(no subject)

Aug 27, 2006 02:16

There are few things that I hate more than BEING USED.

I'm not an idiot. I don't appreciate it, and I won't tolerate it anymore. Sorry.
I'm sure you'll say that you're not...but you couldn't make it anymore obvious.

Anyway, on to other things.

Nick and I have been over the "1 year" line for over two months now.
I still wake up every morning and smile knowing that I have him.
I still fall alseep smiling knowing that the last person that touched me was him.
I still tingle all over when he kisses me.
My heart still leaps when he smiles at me.
I still feel at home in his arms.
I still never run out of things to talk about with him.
I still feel like the most important person in his life.
I still cry whenever I think about how much love I have for him.

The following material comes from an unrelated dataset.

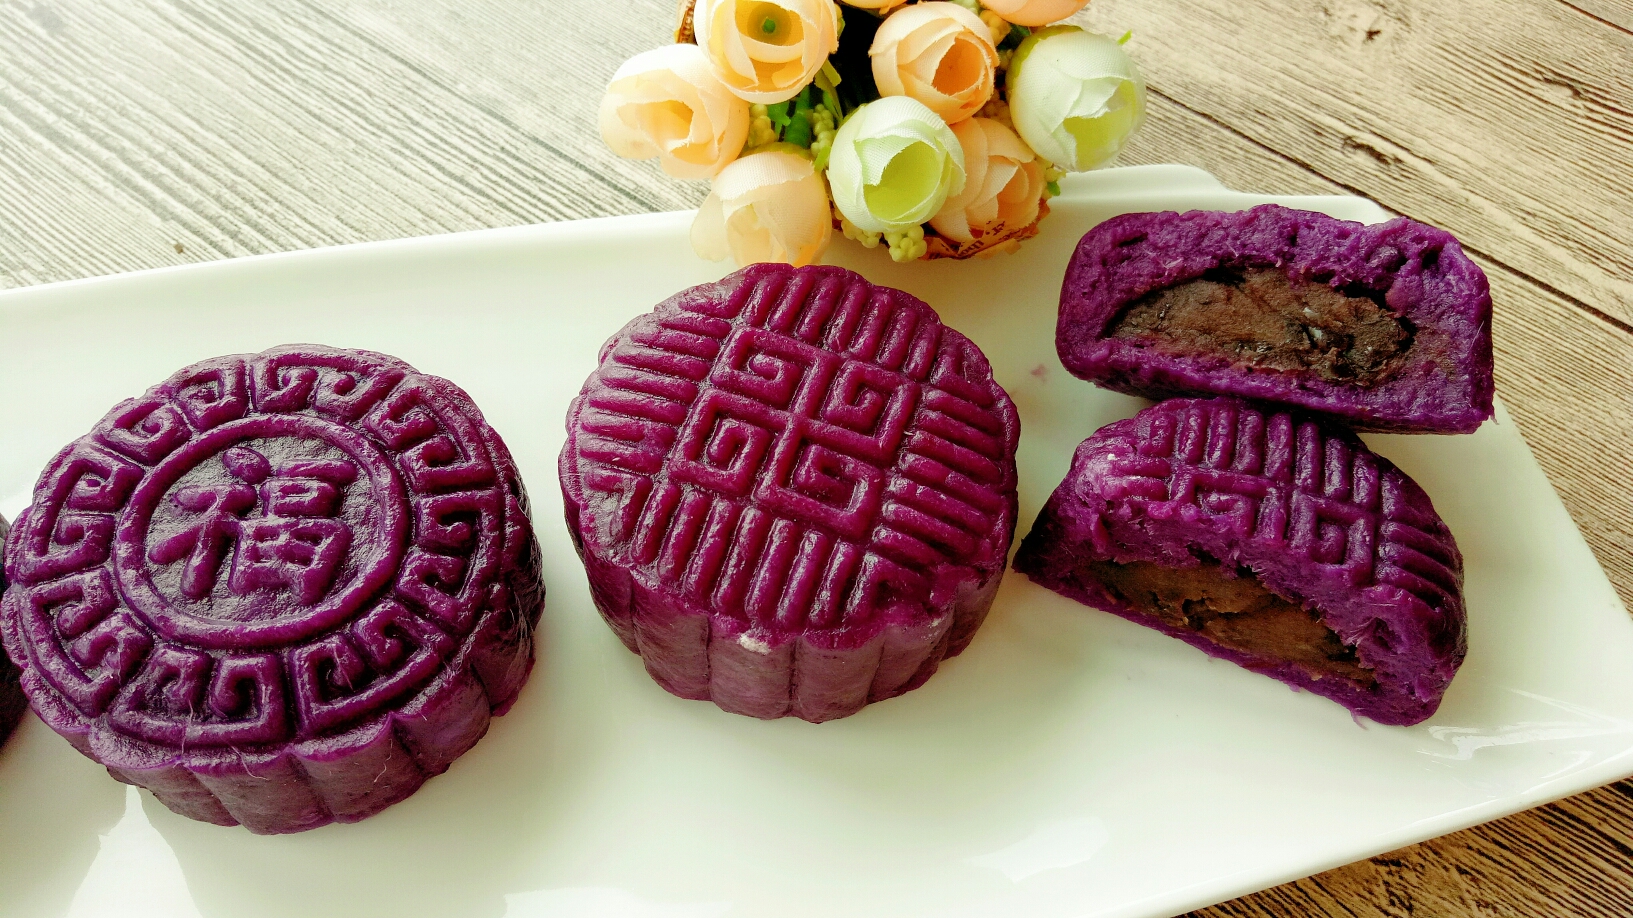 紫薯红豆糕的做法

I still know that I will marry this boy.
That I will spend the rest of my life with him,
and that I will love him with every breath I take,
until I take my last.

I am completely, head over heels, insanely, wholly, fully, madly, in love Nicholas David Connolly. He is my heart and my soul. My sun and my moon. Being without him is like an angel without wings, a bird that has no song to sing, a sky without stars, and a human being without a heart.

I know everyone says this, but I am the luckiest girl in the entire world. I'm sure it exists, but I have never seen or felt a love so true and real.

I was so happy tonight because My car is constantly breaking, I am running out of money, my job is continually stressful and trying my patience....but I have Nick. I have my soulmate. Everything in the world could fall down around me and he would hold onto me for dear life.
I am thankful everyday that he was brought into my life...I don't know where I would be right now without him.